Image: Eppstein, David (2008). Public domain.
Bloom Filter
Every time a Firefox user visits a TLS-protected website, the browser checks whether that site’s certificate has been revoked. A revoked certificate means the site’s identity can’t be trusted. The traditional approach queries the certificate authority (CA) on every connection, a network call that leaks which sites you visit and fails if the CA’s server is unreachable.
Mozilla ships a compressed representation of every revoked certificate on the internet directly to Firefox. On every HTTP/TLS connection, Firefox checks the certificate’s revocation status against the local copy. If the result is “definitely not revoked,” the connection proceeds. If the result is “might be revoked,” Firefox falls back to a live query. The fallback happens rarely.
The local data structure, called CRLite, was[10] implemented as a cascade of Bloom filters, each layer handling the false positives of the previous one.
What a Bloom Filter Does
A Bloom filter is a probabilistic data structure for testing set membership. Burton Howard Bloom invented it in 1970 to check membership without storing the members[1].
The structure is a bit array, all initialized to zero. Adding an item means running it through k hash functions, each producing an index into the array, and setting those k bits to 1. Testing an item means running it through the same k hash functions and checking those k bits. If any bit is 0, the item is definitely not in the set. If all k bits are 1, the item is probably in the set.
Multiple items can hash to overlapping positions. When all of a tested item’s bits are already 1, those bits might have been set by other items. That’s a false positive. But false negatives are impossible. If an item was added, its bits were set, and the test always returns positive.
This asymmetry is the design. The filter guarantees absence but only approximates presence. Every use case depends on that guarantee.
Adding and testing both run in constant time. Each executes exactly k hash functions, regardless of set size.
A hash set of one million strings needs 50 to 100 megabytes. A Bloom filter for the same set needs a few megabytes[2], at the cost of occasional false positives.
Tune the False Positive Rate
The false positive rate depends on bit array size, hash function count, and items added[2].
At 10 bits per item, the false positive rate is around 1%. At 5 bits, it’s around 10%. At 15 bits, it drops below 0.1%. More space buys lower error. The calculator at hur.st/bloomfilter works backward from a target error rate and item count to the exact bit array size and hash function count.
Mozilla’s CRLite filter encodes the revocation status of nearly a billion certificates in a 4 megabyte snapshot shipped to Firefox every 45 days[9][10]. The fallback to a live query happens so rarely that users don’t notice.
Use the Bloom filter to rule out definite negatives.
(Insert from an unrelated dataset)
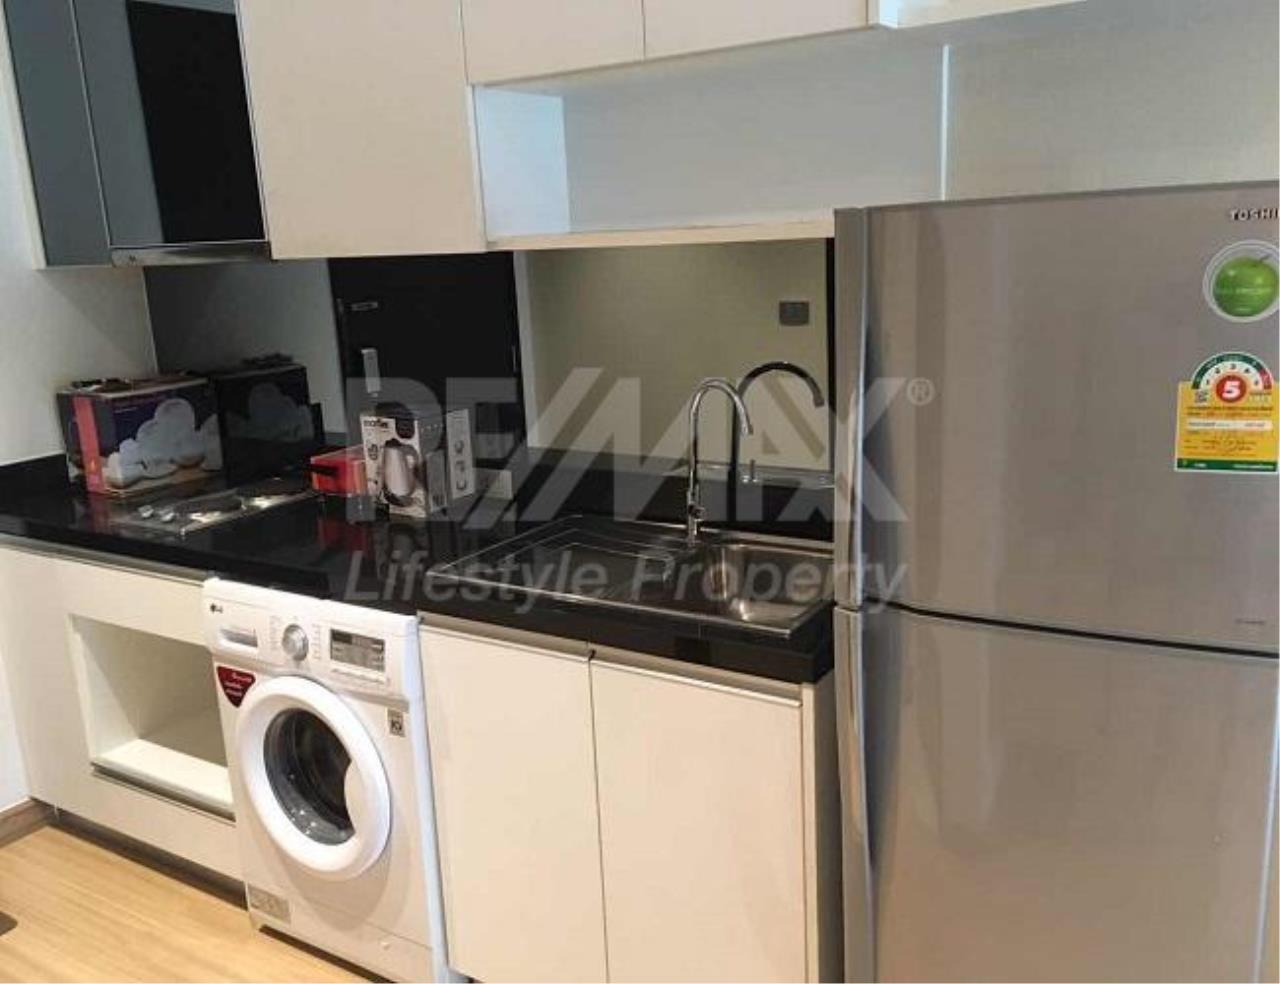 RE/MAX LifeStyle Property Agency's Sky Walk Condominium 5

Invoke the expensive operation only for the remaining candidates. The space budget controls how many false candidates get through.
Where This Breaks Down
You can’t remove items. Setting bits to 1 is irreversible in a standard filter. Unsetting bits for a removed item could corrupt the signals for other items sharing those positions. Counting Bloom filters solve this by storing a counter per position instead of a single bit, using more memory.
The false positive rate rises as you add more items. The filter is designed for an expected maximum. Exceeding that fills the array and pushes the error rate above the design threshold. Set parameters for lifetime load, not current load.
You can’t retrieve members. The filter records whether items might be present, not the items themselves. There’s no way to enumerate what was added. To retrieve members, keep a separate data structure alongside the filter.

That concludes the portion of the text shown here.